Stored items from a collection
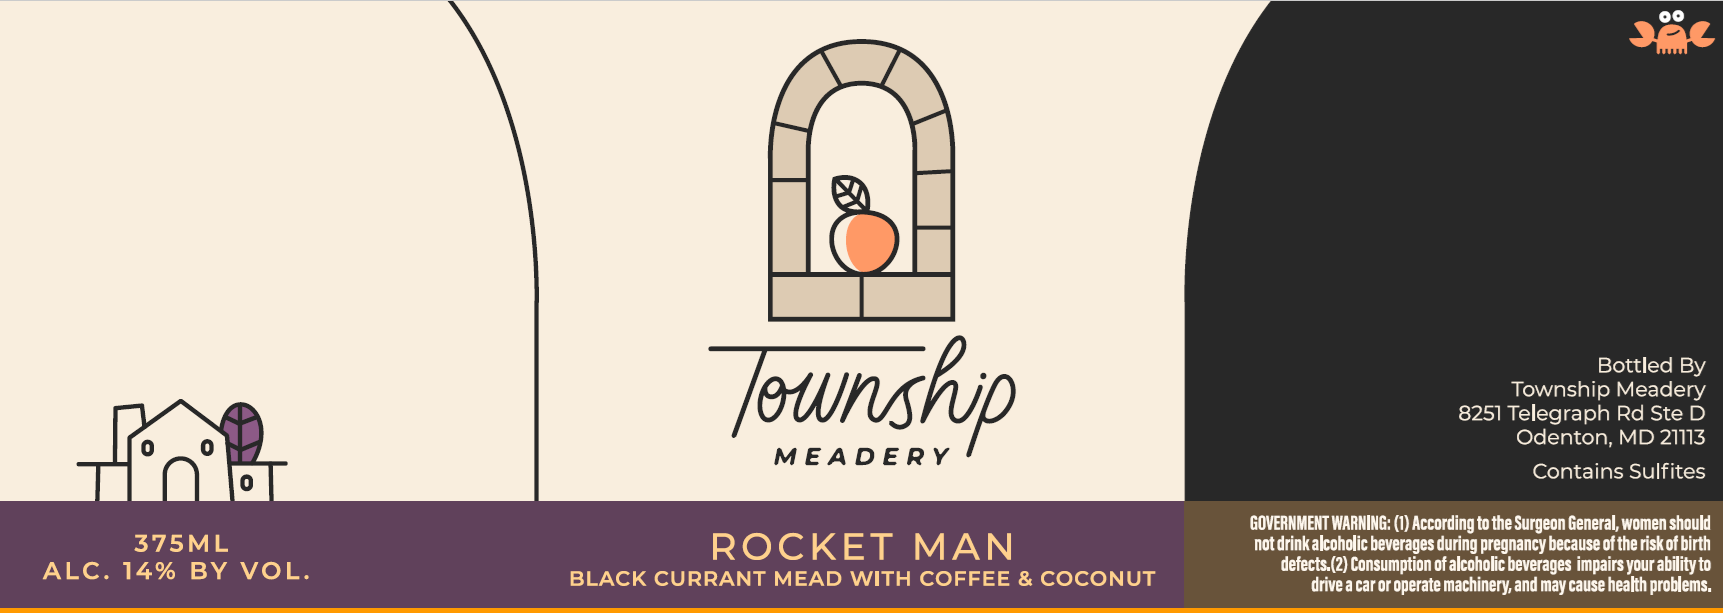 Township Meadery - Rocket Man 375ml Bottle
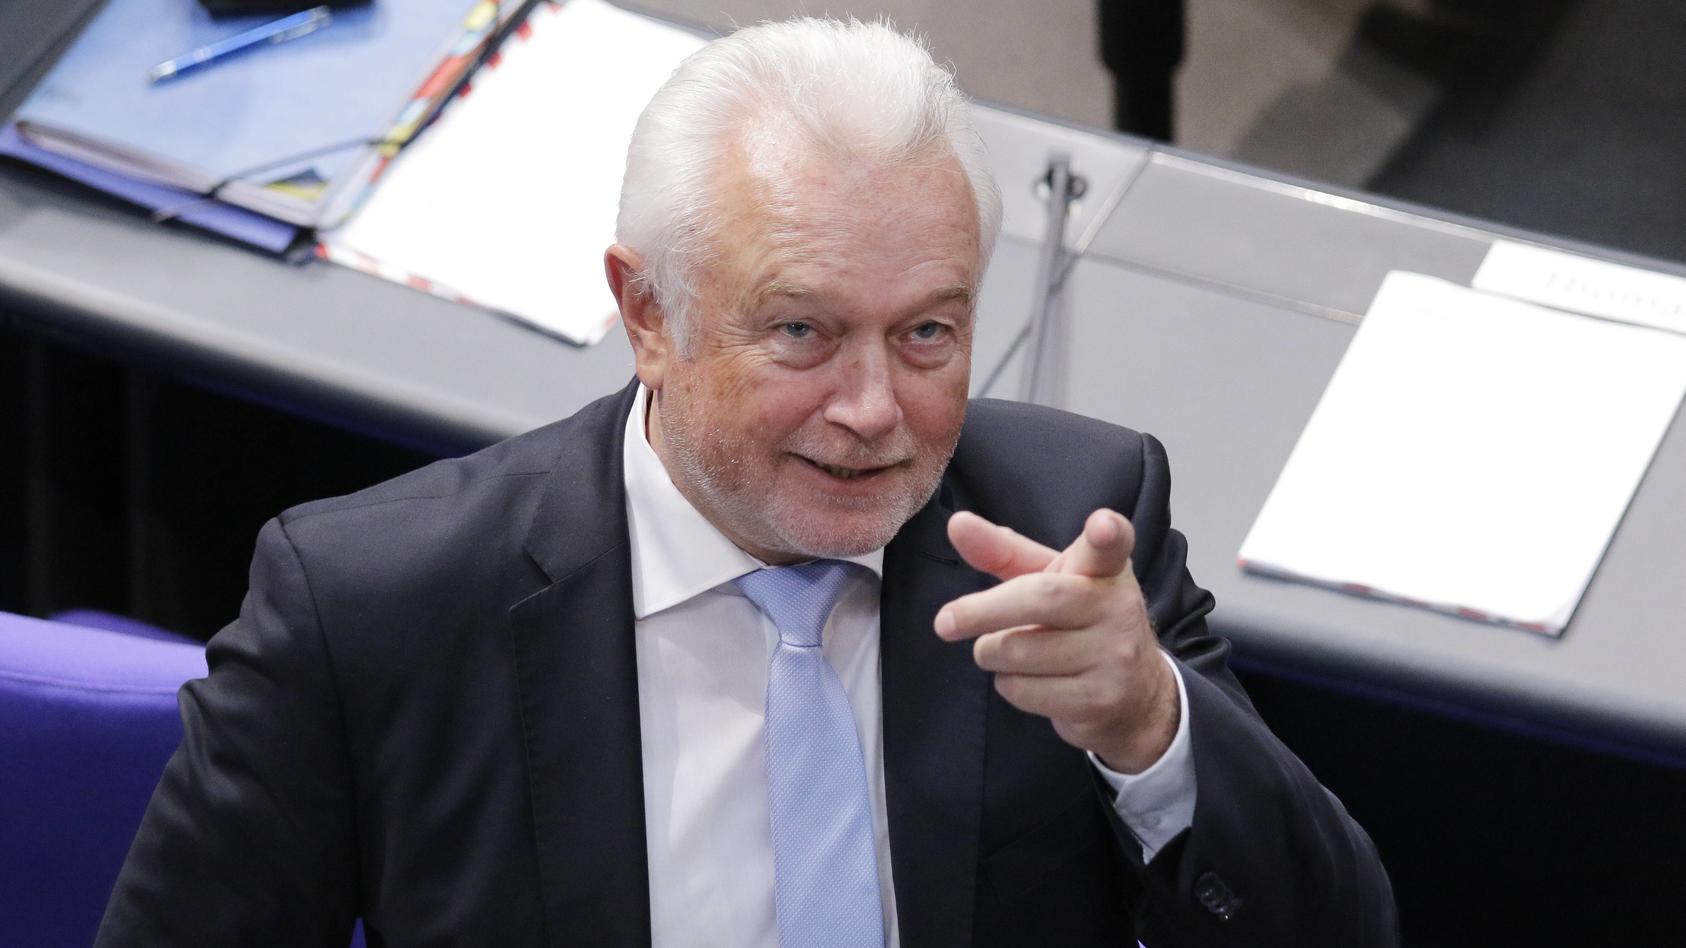  Wolfgang Kubicki (FDP) macht eine Geste mit seiner Hand im Plenarsaal des Deutschen Bundestages
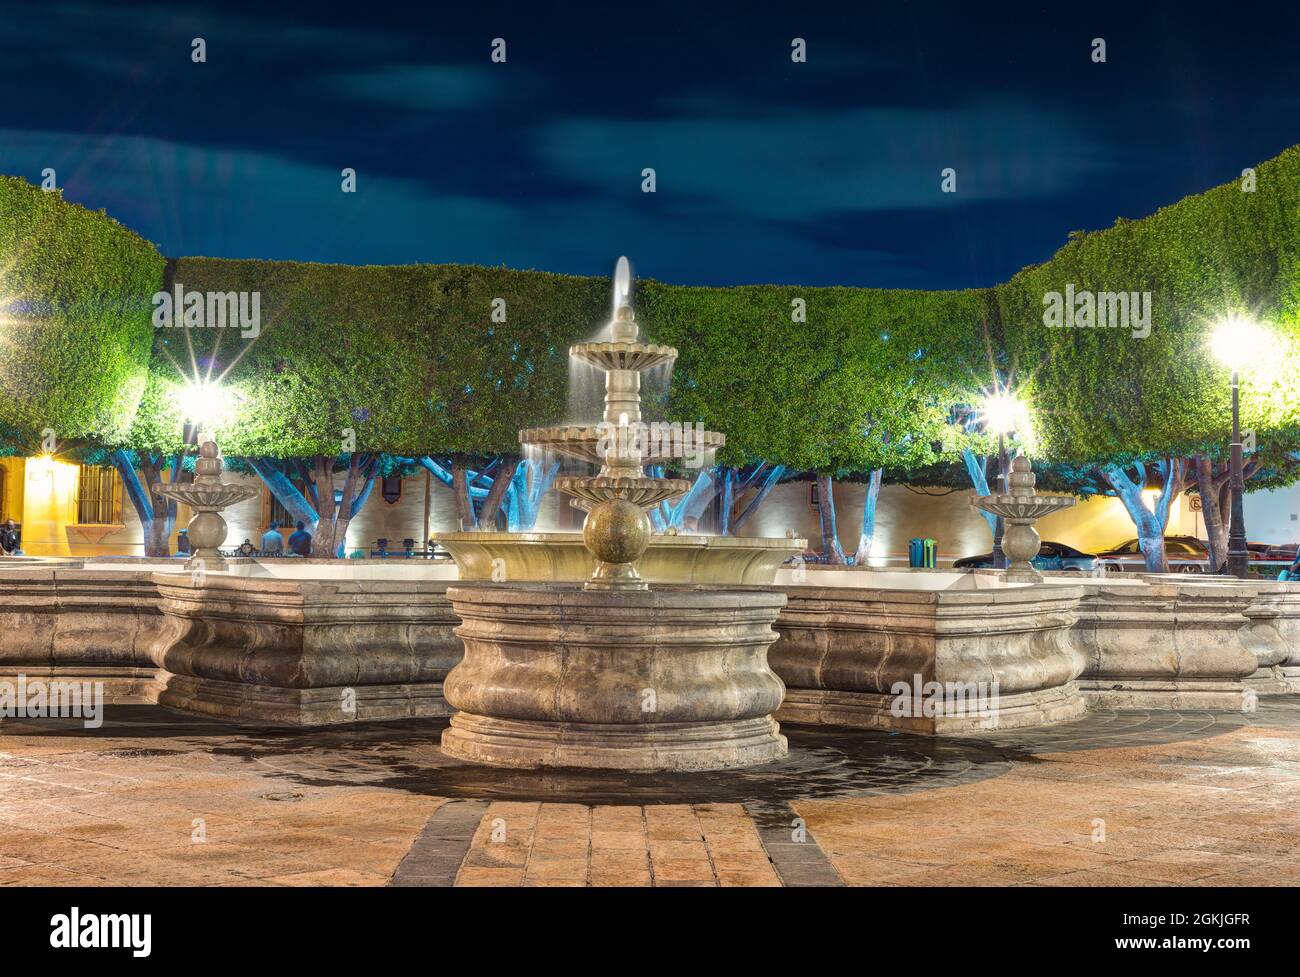 fontaine d'eau dans le centre de la plaza dans le centre de querétaro au mexique, pas de personnes, vue de nuit de la plaza Banque D'Images
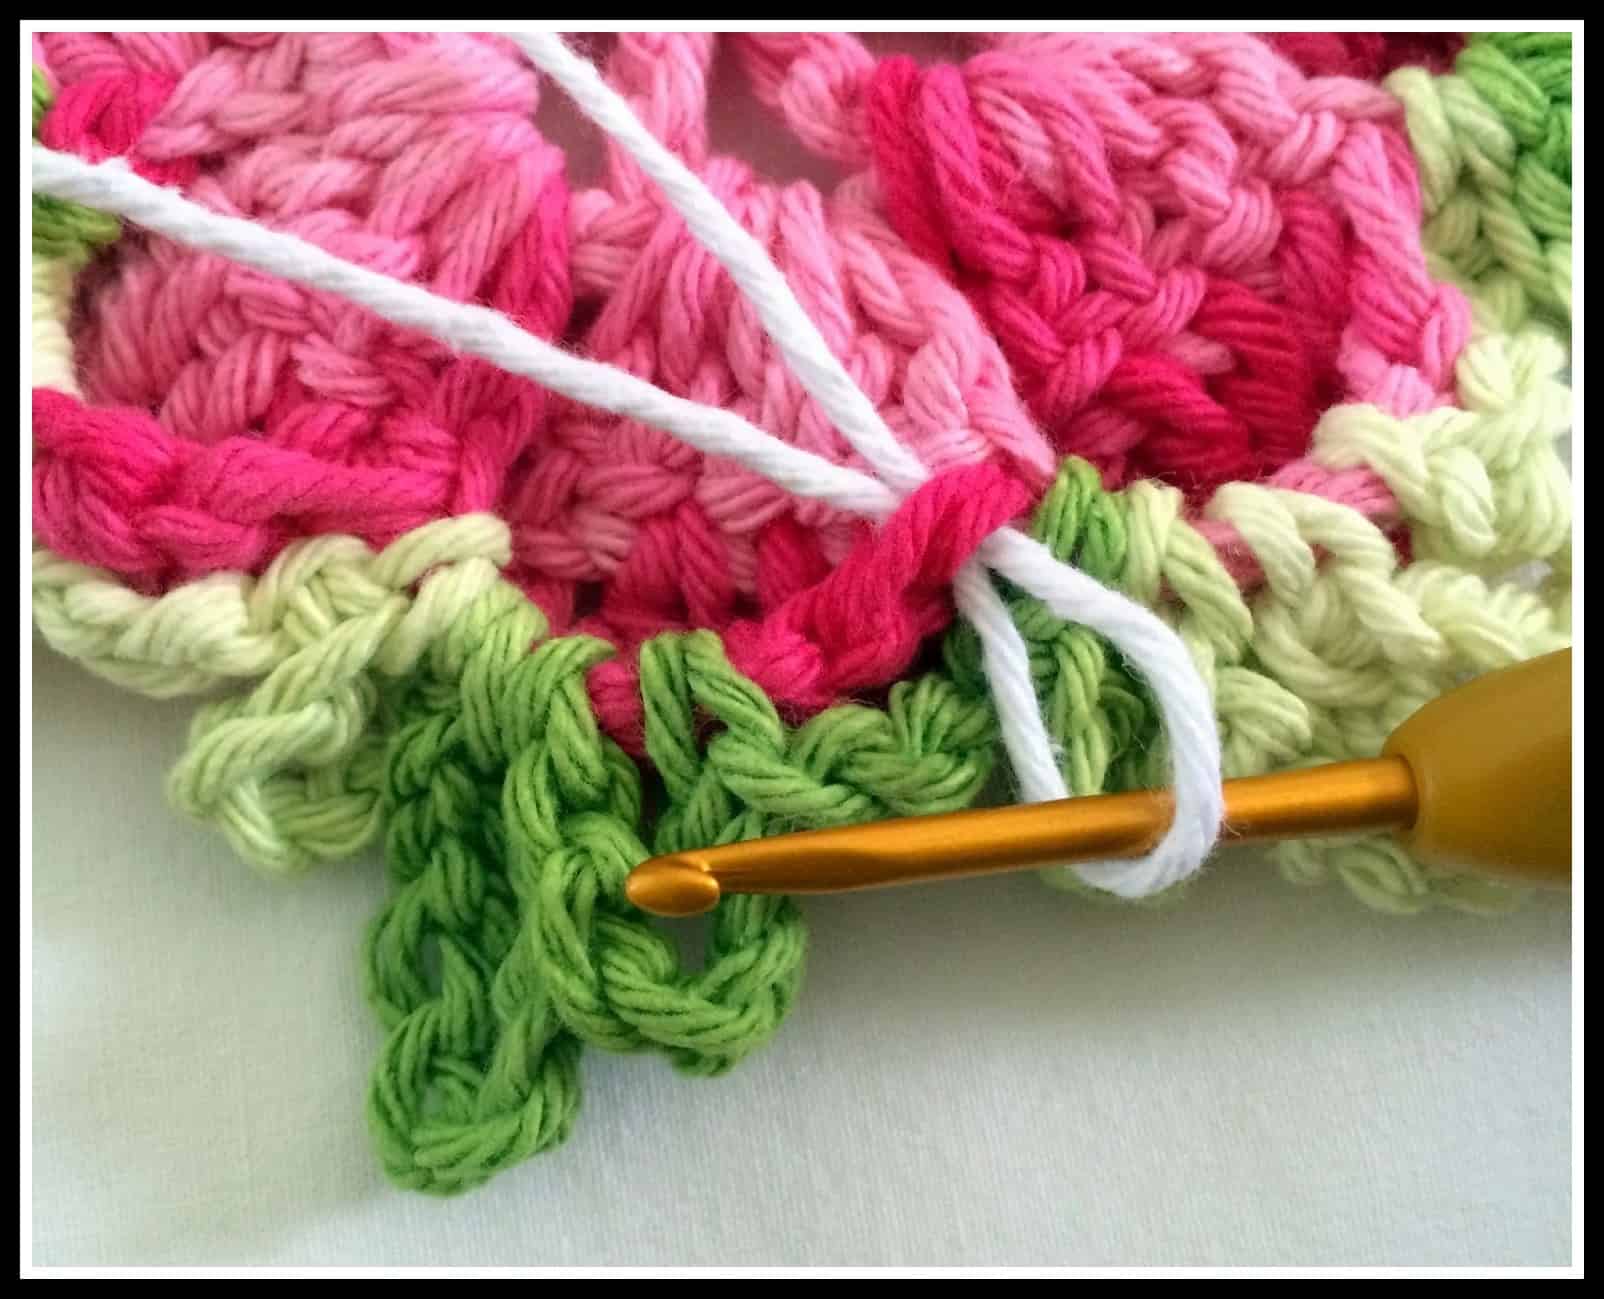 Aprender como fazer blusa de crochê pode ser uma terapia e uma fonte de renda.
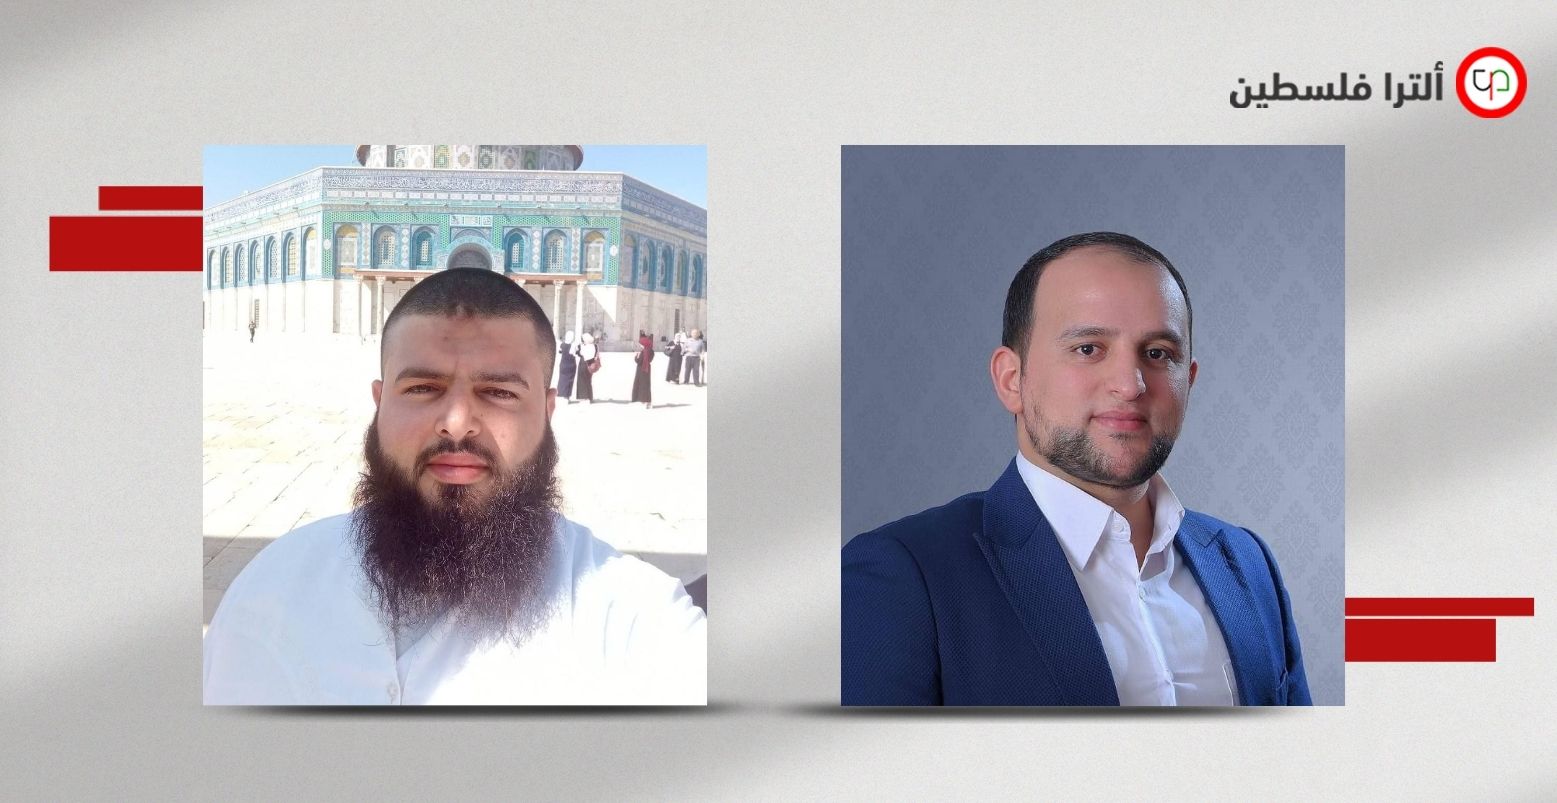 اعتقال المحاضر في جامعة النجاح أسيد فطاير، والشاب فادي غزال من راس العين بنابلس

→ **Exercise aim**: Each line above should be output exactly, apart from the pictures.

→ **Worked solution**:
 Township Meadery - Rocket Man 375ml Bottle
  Wolfgang Kubicki (FDP) macht eine Geste mit seiner Hand im Plenarsaal des Deutschen Bundestages
 fontaine d'eau dans le centre de la plaza dans le centre de querétaro au mexique, pas de personnes, vue de nuit de la plaza Banque D'Images
 Aprender como fazer blusa de crochê pode ser uma terapia e uma fonte de renda.
 اعتقال المحاضر في جامعة النجاح أسيد فطاير، والشاب فادي غزال من راس العين بنابلس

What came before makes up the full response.